Aberdeen American Growth - as above is actually a feeder fund, into a developed market. A few points here. It's a feeder fund to a developed US fund.:

- Maybe this does add some support to the argument of tracker vs active in a developed market, as it regularly underperfoms the index/ market

- It has underperformed in most of the last 5 years vs its peers (like for like segments)

- Again I struggle to believe this is random and claims that there's no correlation between poor performance in 2008, 2009, 2010 and poor performance in 2011 and 2012

For me in emerging markets looking at performance vs index and peers in the same segments is a way to improve the odds, as performance isn't random. I would also combine it with forward looking and other research as well.

Fletch

:)

Posted

BTW Cocopops I think it's healthy to continually challenge ideas, as life continues to change, and we all make mistakes from time to time. The index/ tracker vs active one is an old debate, and one for me I'm mindful of, and hence consider now ith a Thailand twist.

--------------------------------------------------------------------------------------

Another thing I consider is the fund manager himself

Antony Bolton is a great example. I held his Fidelity Speciality Situations Unit trust for many years. Time after team it beat the market (though not every year). :

http://en.wikipedia.org/wiki/Anthony_Bolton

After he moved on from this fund, it hasn't done as well. When he moved I reduced my holdings in it. The fund was actually split into 2 funds: a UK fund I still hold some investment in with reduced holdings, the other a Global Fund I sold completely as after giving it a chance for a while it wasn't delivering as well as other comparable funds or past.

He moved on to other things including managing Fidelty China Special Situations Investment Trust. He hasn't done so well in this new area. I think there are various reasons for this, some touched on by wiki above. Another one is that investing in Asia can be different to investing in the west, and he has less experience in this field.

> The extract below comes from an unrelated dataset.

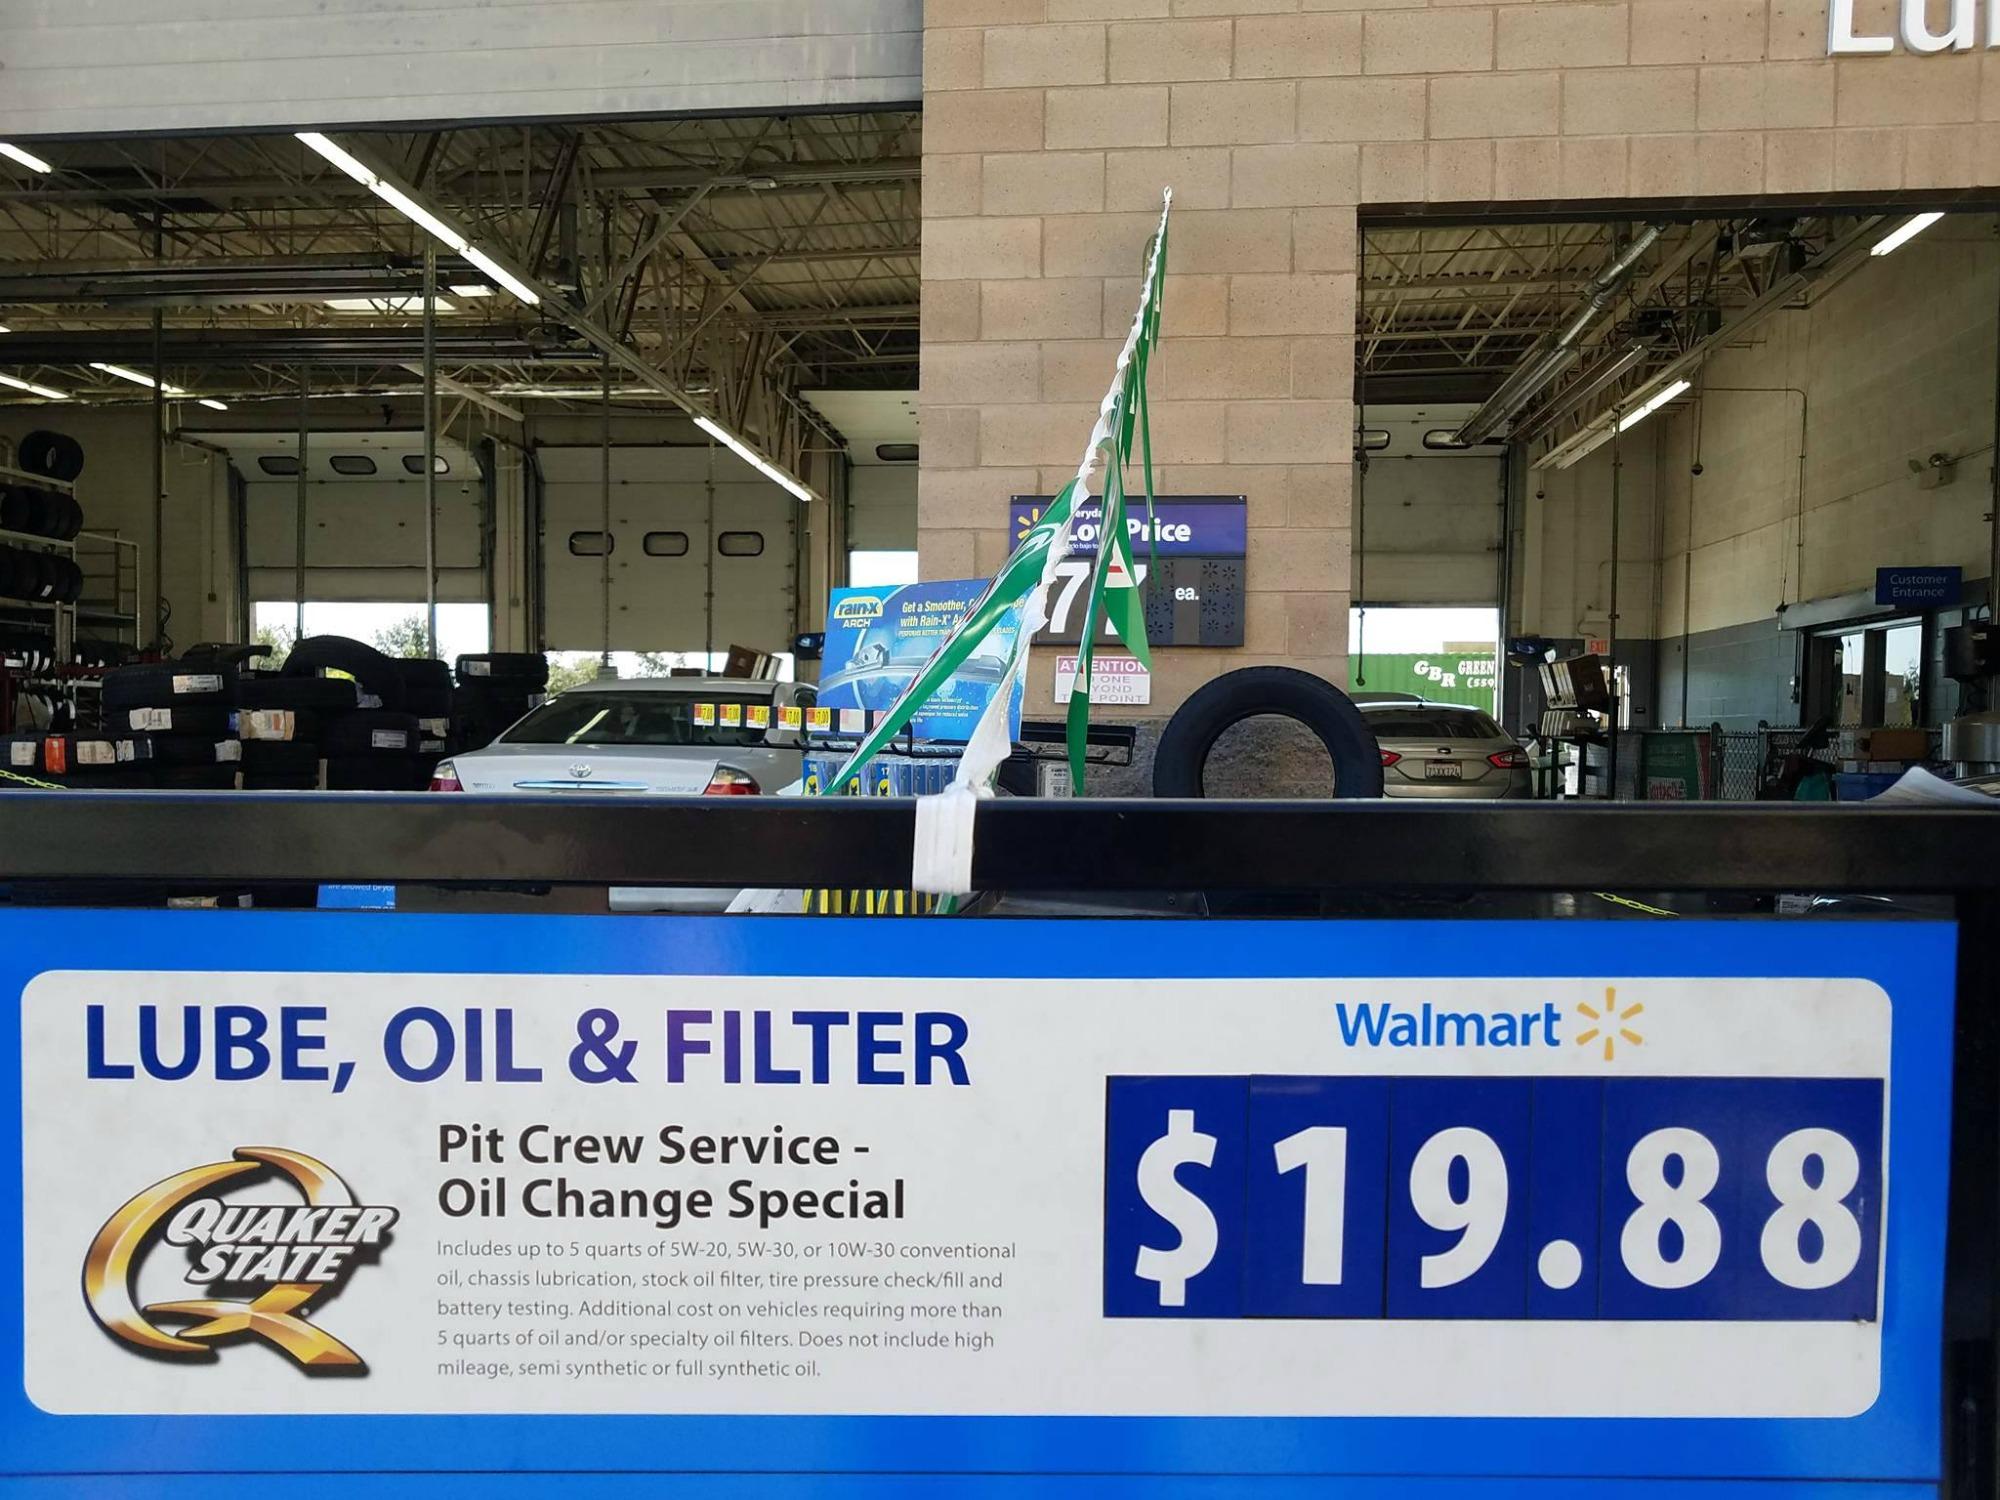 Walmart Car Service Center: Tips Para Ahorrar Dinero Y Tiempo En El Cambio De Aceite
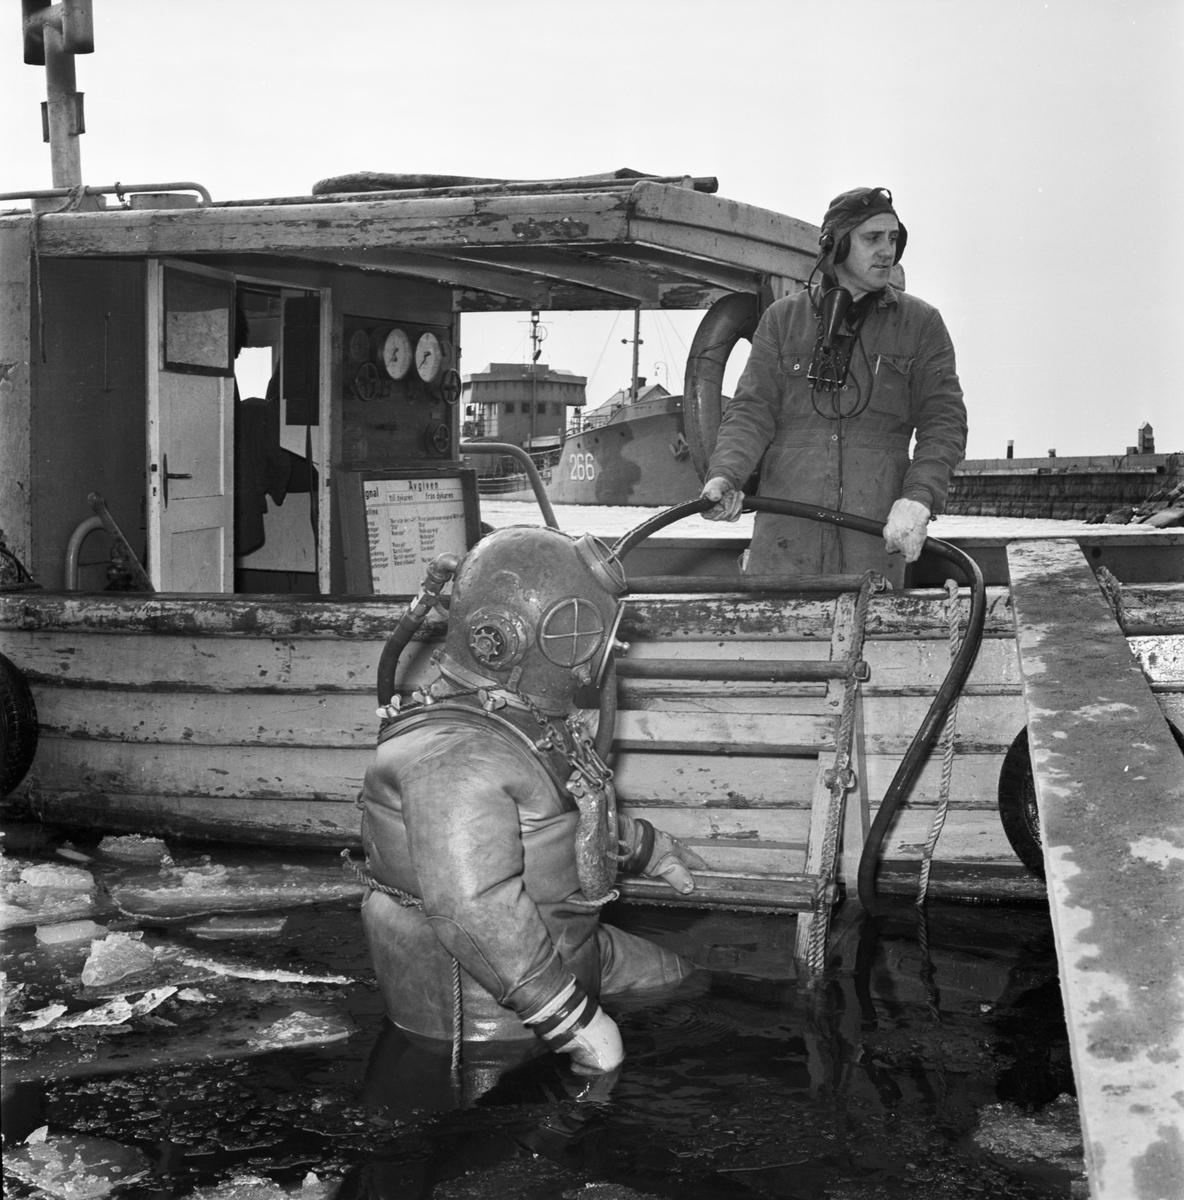 Övrigt: Foto datum: 16/3 1964 Verkstäder och personal. Bilder till reklambroschyr (Myllenberg) svetsning, dykare i arbete plåtpressen. Närmast identisk bild: V28540, ej skannad

I would want him to prove himself with this fund before investing in it, given it hasn't done so well so far. On the other hand with the first fund he is famous for, he had proved himself so I invested and I enjoyed years of above average and above index performance :)

------------

:)

Posted

But I don't understand the benefit of diversifying investment into several index-replication funds (assuming the fund is a non-leveraged cash fund).

The benefit of diversity is in assuring stability of growth and possibly outperformance over a longer term through non-correlation. The several funds would reflect different market sectors, domestically and globally. Look up the Coffeehouse portfolio or the Yale portfolio (mostly indexed funds) for examples.
Posted

But I don't understand the benefit of diversifying investment into several index-replication funds (assuming the fund is a non-leveraged cash fund).

The benefit of diversity is in assuring stability of growth and possibly outperformance over a longer term through non-correlation. The several funds would reflect different market sectors, domestically and globally. Look up the Coffeehouse portfolio or the Yale portfolio (mostly indexed funds) for examples.
doh! dumb me was assuming diversification into several funds all replicating the same index! LOL
Posted

But I don't understand the benefit of diversifying investment into several index-replication funds (assuming the fund is a non-leveraged cash fund).

The benefit of diversity is in assuring stability of growth and possibly outperformance over a longer term through non-correlation. The several funds would reflect different market sectors, domestically and globally. Look up the Coffeehouse portfolio or the Yale portfolio (mostly indexed funds) for examples.
doh! dumb me was assuming diversification into several funds all replicating the same index! LOL
A diversified managed fund reduces the risk but is a boring life.